Dalam beberapa hari ini hubungan Indonesia agak tegang. Setelah suporter Indonesia merasa dikadali oleh wasit asal Uni Emirat Arab, negara serumpun Arab Saudi dalam pertandingan melawan Indonesia di Piala Asia, kini pemerintah Arab Saudi mengikuti jejak Uni Eropa melarang pesawat milik maskapai Indonesia mendarat di negaranya.
Kontan saja, pemerintah Indonesia sewot. Maftuh Basyuni, Menteri Agama, sampai-sampai melontarkan gagasan kontroversial tentang penghentian pengiriman jemaah haji Indonesia tahun ini. Lontaran mantan Duta Besar RI untuk Arab Saudi ini mengundang pro dan kontra. Din Saymsuddin dan sejumlah tokoh serta ormas mendukungnya. Sebagian kalangan malah mengkritik Indonesia karena dinilai over reactive dan tidak mau mengevaluasi kinerja dan pelayanan Departemen Perhubungan yang sudah berganti menteri.

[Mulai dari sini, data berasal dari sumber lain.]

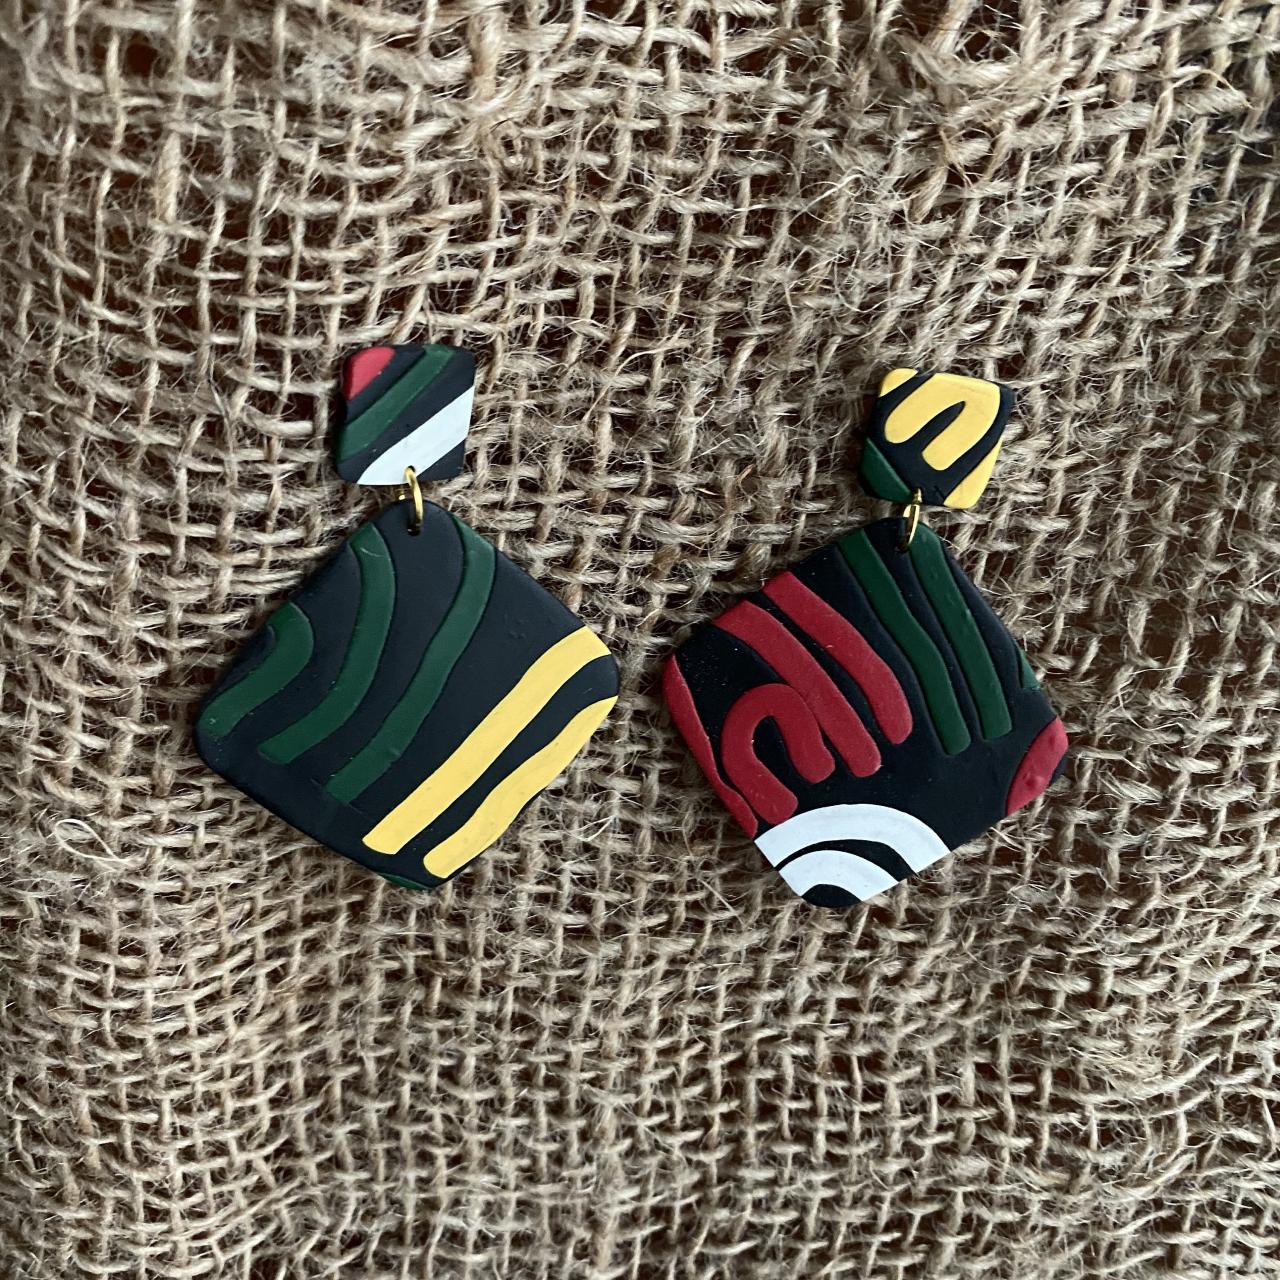 Polymer Clay Drop Earrings | Ava Polymer Clay Statement Earrings | Black | Red | Forest Green | Golden Life Yellow | White | Handmade Polymer

Tidak hanya sampai di situ, ide tentang internasionalisasi Mekkah dan Madinah selama pelaksanaan ibadah haji, yang dulu pernah dilontarkan Iran dan ditentang oleh hampir seluruh negara Islam, kini mulai muncul lagi.

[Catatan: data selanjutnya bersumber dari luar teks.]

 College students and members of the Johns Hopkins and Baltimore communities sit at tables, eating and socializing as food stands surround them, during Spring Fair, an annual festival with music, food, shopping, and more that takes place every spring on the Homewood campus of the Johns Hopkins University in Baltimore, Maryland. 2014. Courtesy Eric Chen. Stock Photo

Semestinya, pemerintah Arab Saudi bisa mempertimbangkan posisi Indonesia sebagai negara berpenduduk Muslim terbesar di dunia sebelum memberikan warning yang sangat menyakitkan itu. Bayangkan bila larangan itu benar-benar diterapkan! Pemerintah akan kewalahan mengantisipasi dampak sosial dan ekonomi yang timbul akibat pembatalan massal jamaah haji Indonesia. Dampak lain yang akan dirasakannya adalah kerugian finansial yang harus ditanggung oleh Garuda, sebagai perusahaan penerbangan milik negara.
Lalu, benarkah pembatalan haji itu secara fikih dapat dibenarkan dengan alasan hukum wajib berhaji gugur akibat hilangnya istitha’ah (kemampuan), sebagaimana sempat dilontarkan Maftuh Basyuni beberapa hari lalu?
Menurut fikih, bila kendala itu menimbulkan gangguan psikologis yang dapat mempengaruhi proses ibadah haji, maka syarat-syarat kewajibannya pun punah. Sejauh mana pelarangan terhadap penerbangan pesawat Indonesia ke Arab Saudi ini mempengaruhi kondisi psikologi jemaah haji Indonesia? Itulah yang tampaknya perlu dikaji secara lebih mendalam. Di satu sisi, Pemerintah Arab Saudi, yang dikuasai oleh Keluarga Saud, harus menanggung beban keagamaan (dzimmah) yang semula berada di pundak para calon jemaah haji Indonesia yang sudah memenuhi syarat istihta’ah maliyah (kemampuan finansial).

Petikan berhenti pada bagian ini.